During the PAVN Easter Offensive of 1972, M41s were again dug into static positions, and typically engaged attacking T-54 or Type 59 tanks from defile. As this tactic sacrificed the tanks' superior maneuverability, the PAVN tanks responded with flanking movements which enveloped and overran the M41s before they could maneuver. North Vietnamese infantrymen also succeeded in knocking out several platoons of static M41s with 9M14 Malyutka (AT-3 Sagger) anti-tank guided missiles. Still others were captured, and used by the PAVN at the Battle of An Lộc, where defending US troops were forced to destroy them with M72 LAWs.

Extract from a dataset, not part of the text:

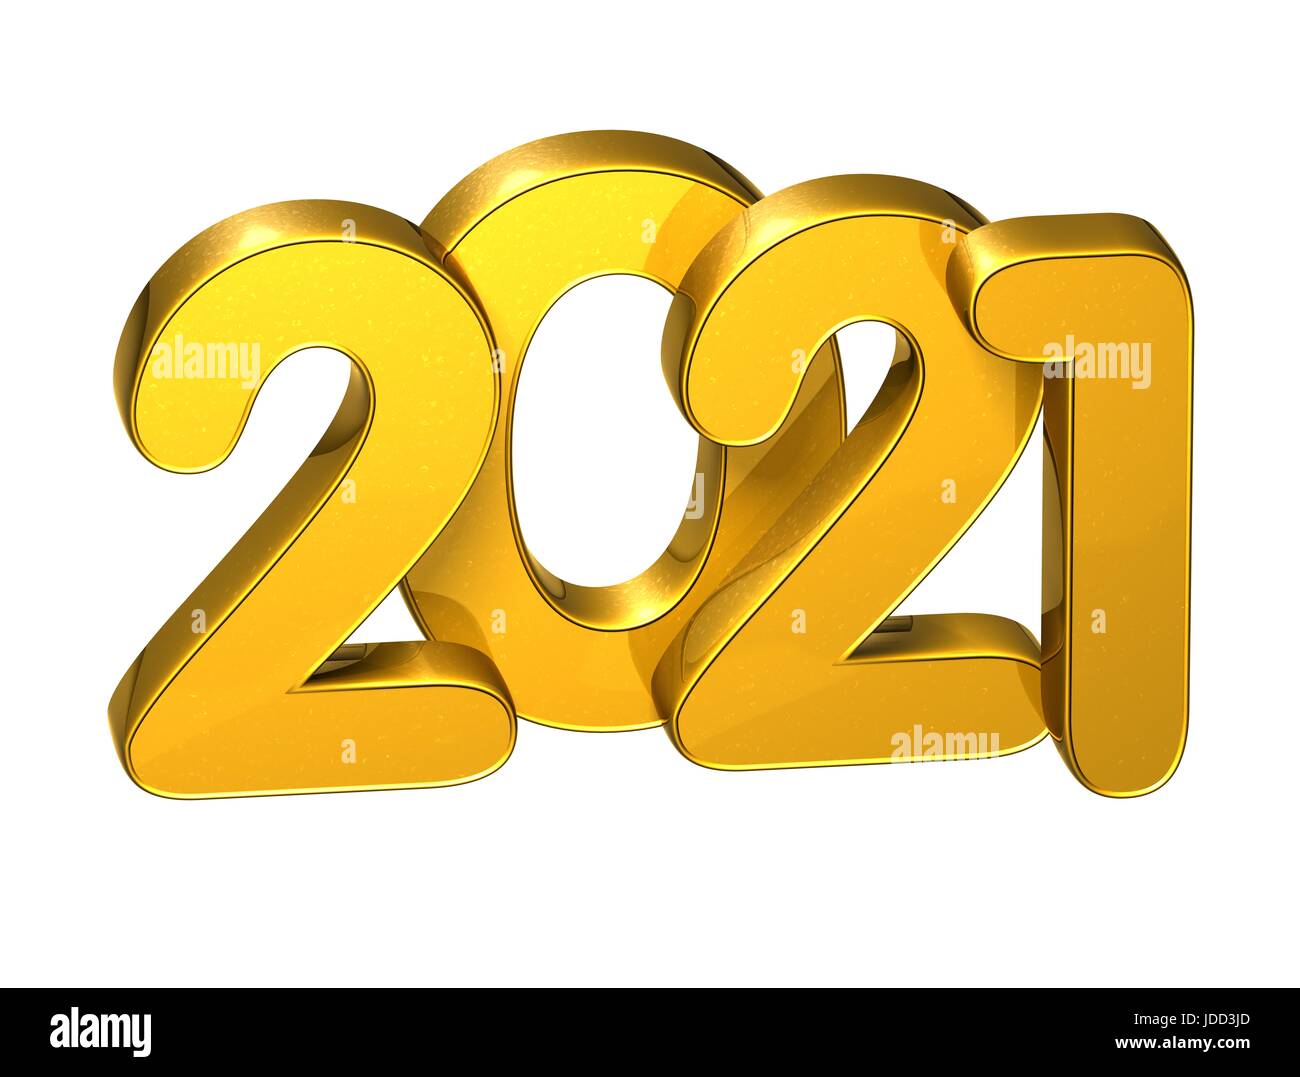 Calendar 2021 Stock Photos & Calendar 2021 Stock Images - Alamy

Between 1965 and 1972 the U.S. had shipped 580 second-hand M41A3s to supply various ARVN tank units and replace losses sustained in combat. According to SIPRI, between 1972 and 1974 the ARVN only took delivery of M48 Pattons, which gradually superseded the M41 as the primary tank in South Vietnamese service. According to MACV South Vietnam received 19 M41 tanks during 1974.

During the PAVN's 1975 Spring Offensive, 300 ARVN M41s were destroyed or captured.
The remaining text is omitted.